The artist proposes to engage the audience in a shared experience focused on regeneration and healing. This year has been one of [insert descriptor(s) here] and it has impacted us all greatly in very different ways. For the artist, it was a year of reminders to be present. Each zoom call, each facetime chat, each time zone difference, made the artist reflect on what it means to share space and how embodiment can find its way into the corners of a screen. This series spans over the course of the entire semester, and each worksop will act as a  moment of reflection and sharing. 

If you have any questions, reflections, or responses to the series that you wish to share with the artist after participating, we encourage you to email us at: hatch.acts@gmail.com

 

Land Acknowledgement:

Although this event programming takes place via Zoom, we would like to acknowledge that our bodies and gallery take up space and are occupying the unceded lands of the the xwmə0–kwəy’əm (Musqueam), Sḵwx̱wú7mesh (Squamish), and Səl̓ílwətaʔ/Selilwitulh (Tsleil-Waututh) Nations. In this series we hope to create an environment of collective healing and to question what it means to embody or exist within digital spaces in relation to our physical bodies. What power is held convening in a virtual non-space when our collective bodies are elsewhere?

act i:  to me, i move

Saturday, February 20 2PM (PST) via Zoom

For this workshop piece, the artist will use light, water, gestures, and vessels to portray a sense of presence as a means of cultivating personal growth. She requests that participants bring their own vessel, gestures, water, and light to the piece so that each participant may interact with others through video and shared experience.

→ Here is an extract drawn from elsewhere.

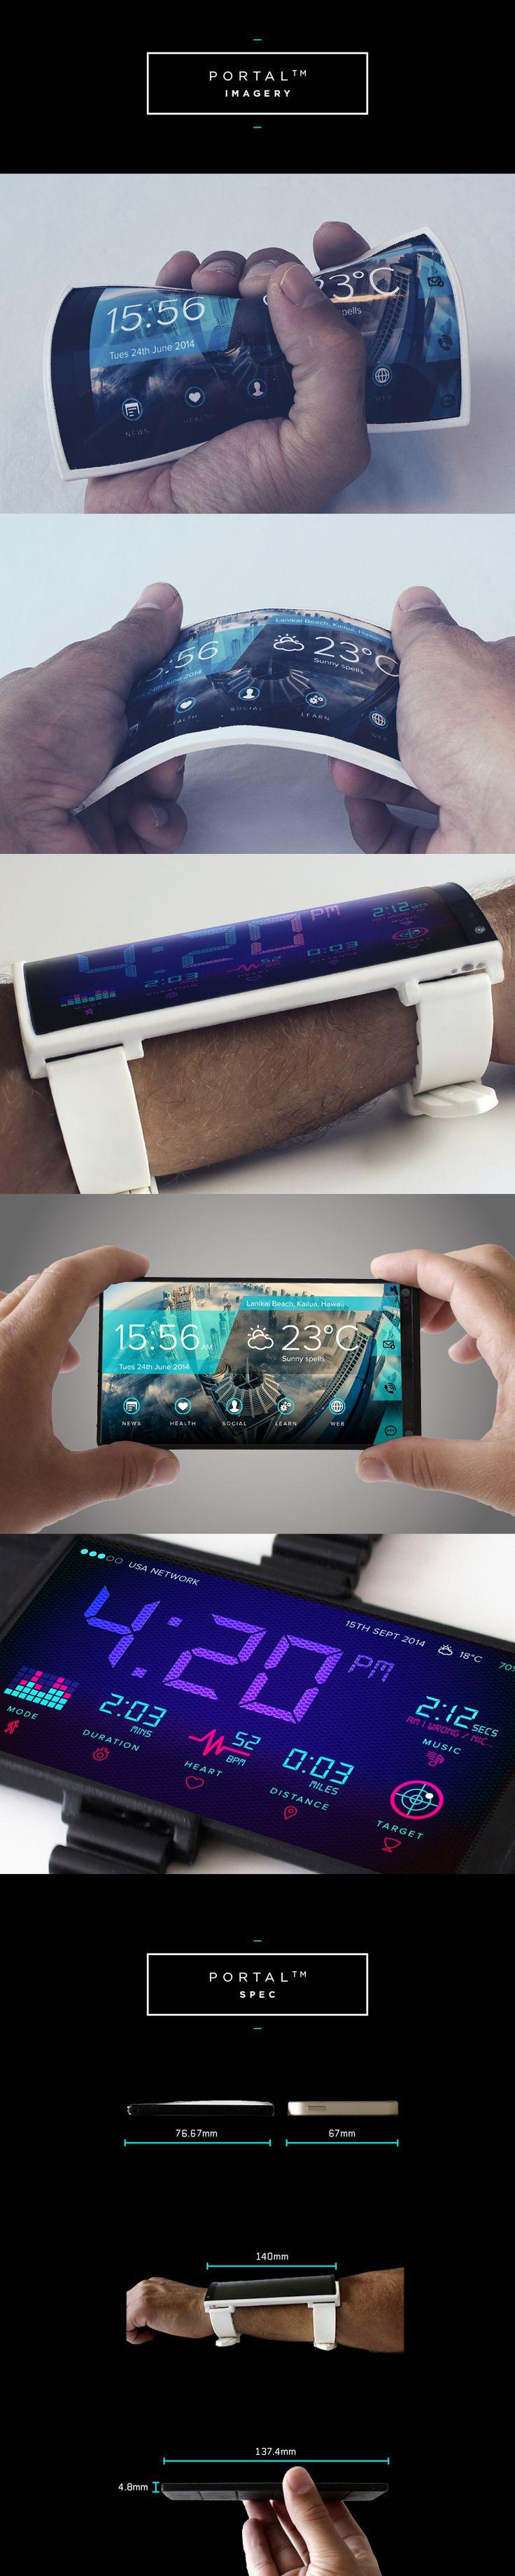 Portal Wearable Smartphone DisruptOverload | Indiegogo @swedfonenet

The goal of this piece is to release something that plagues oneself. 

Performance instructions for workshop participants:

  • find a body of water (eg. sink, bathtub, ocean)

  • bring a vessel of your choosing

  • set yourself up to face your camera while performing

  • use the light where you are to guide you

  • create gestures within this space

  • act in a way to soothe the mind and body (this can be violent or gentle – let it go)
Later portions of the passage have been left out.